## Given material
# # # # # # #

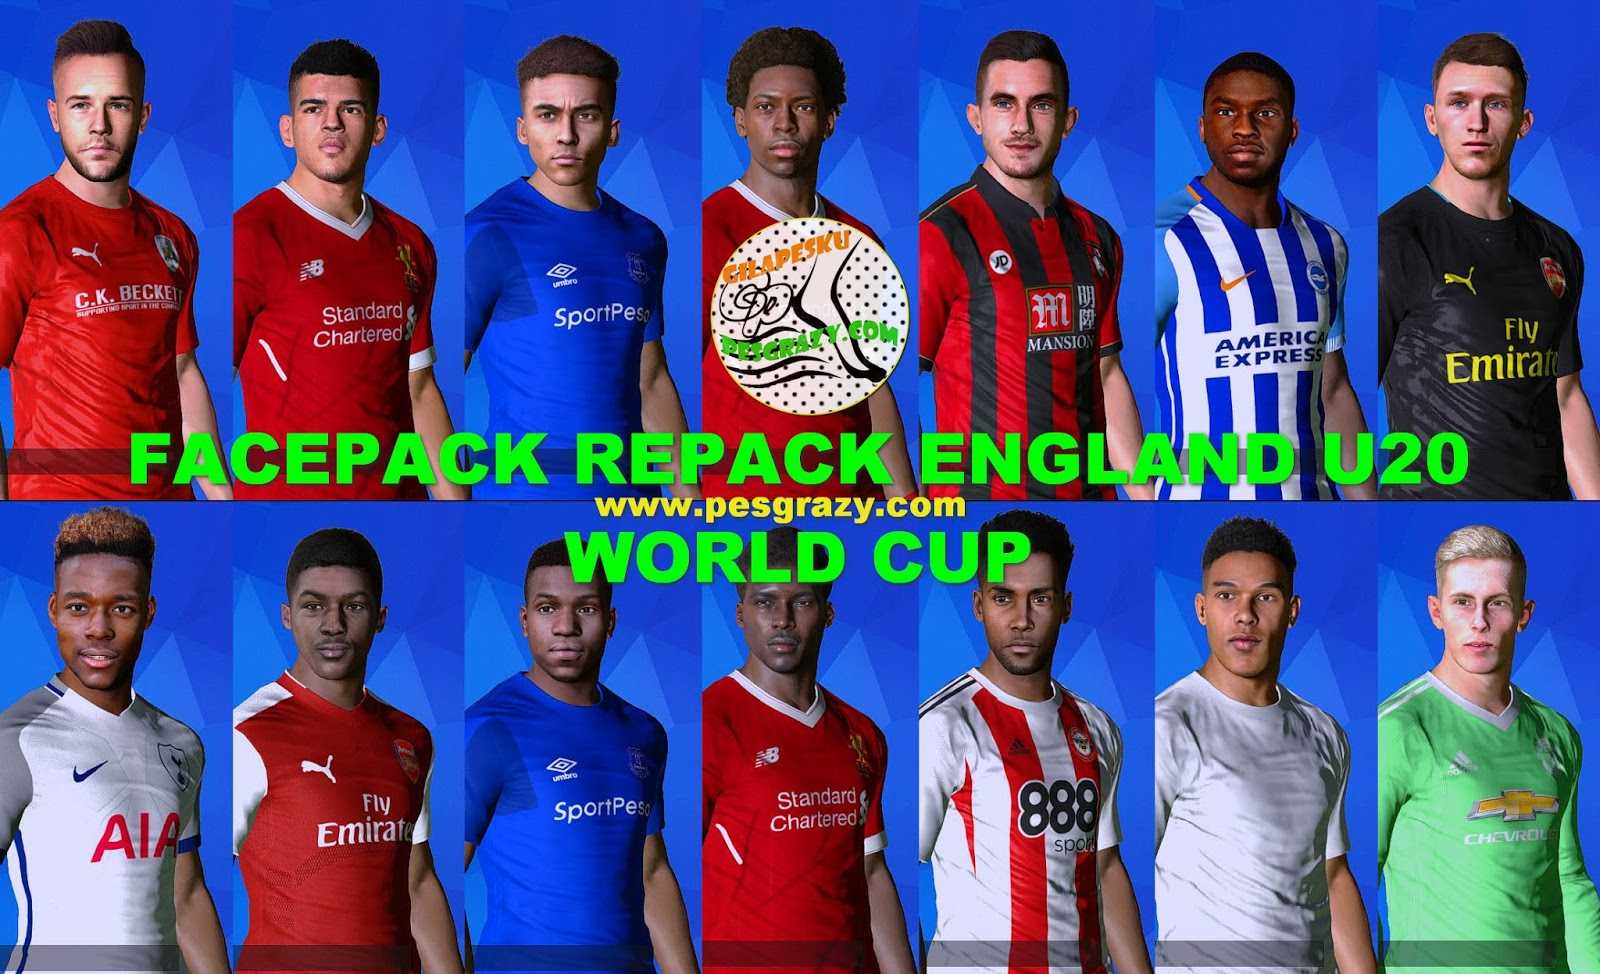 ultigamerz: PES 2017 FACEPACK REPACK ENGLAND U20 WORLD CUP
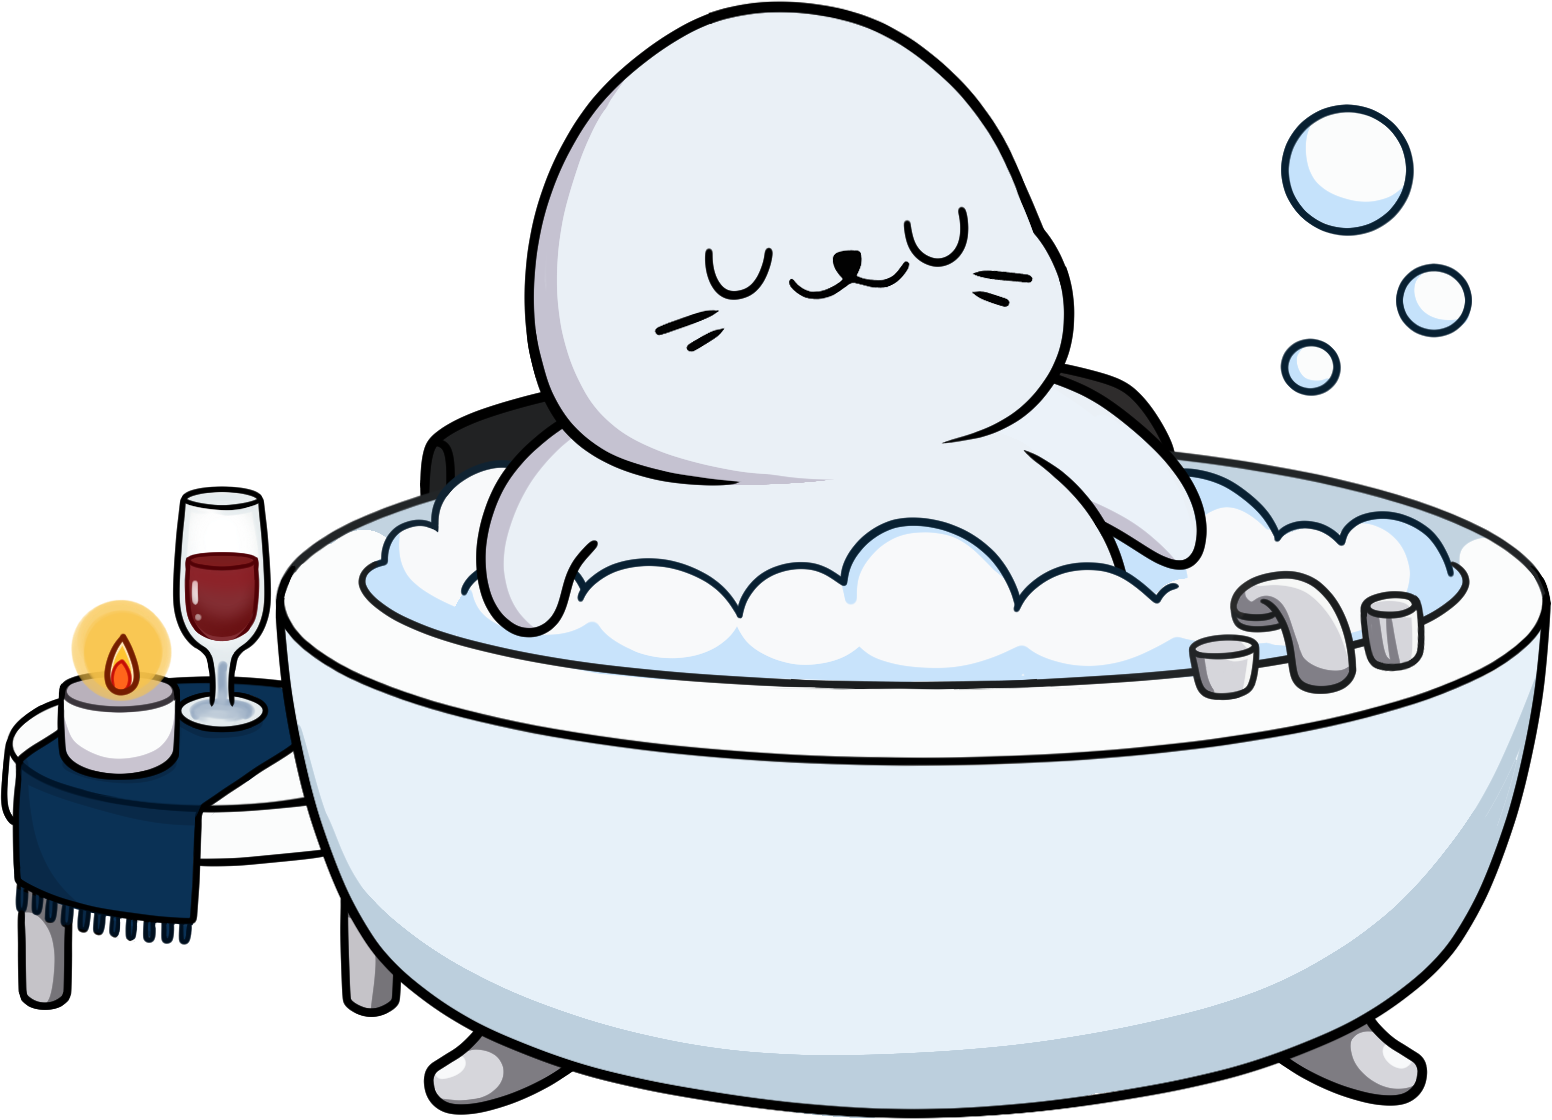 Seal chilling in bathtub.
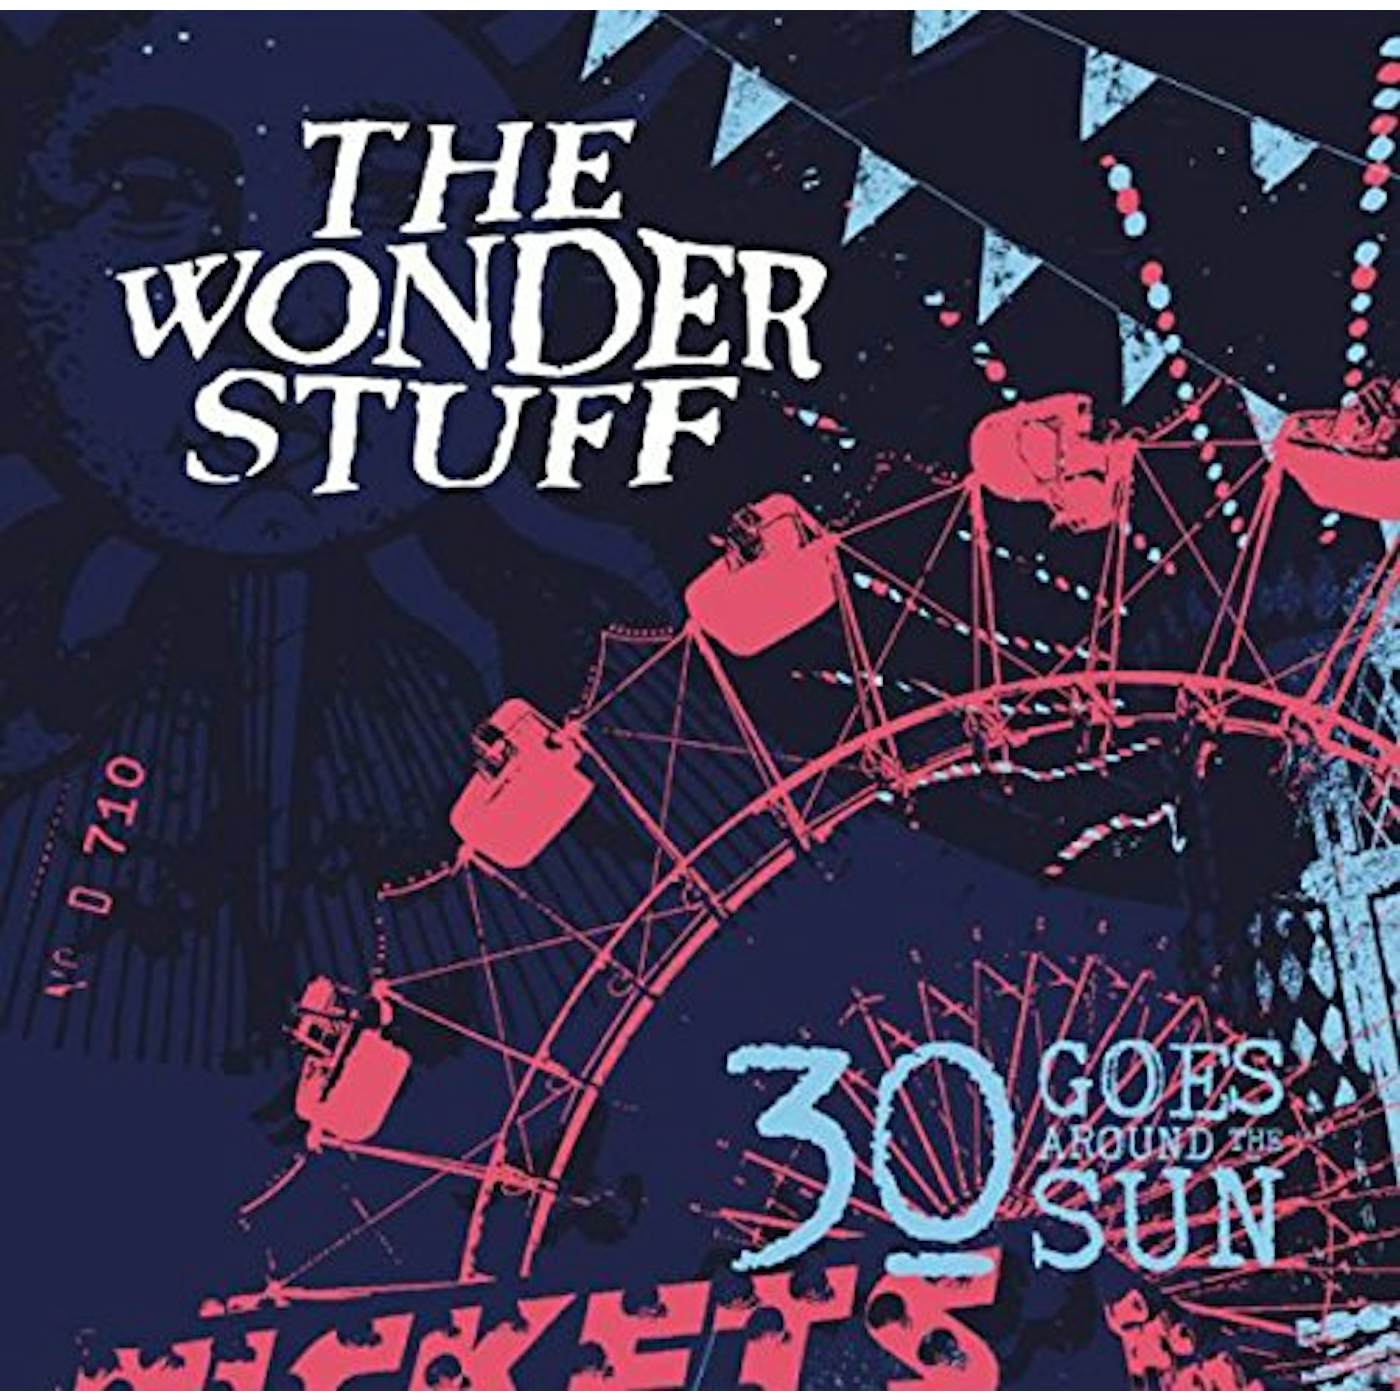 The Wonder Stuff 30 Goes Around the Sun Vinyl Record

# # # # # # #

## Assignment
Print each line above exactly as it appears, excluding all images.

## Task solution
 ultigamerz: PES 2017 FACEPACK REPACK ENGLAND U20 WORLD CUP
 Seal chilling in bathtub.
 The Wonder Stuff 30 Goes Around the Sun Vinyl Record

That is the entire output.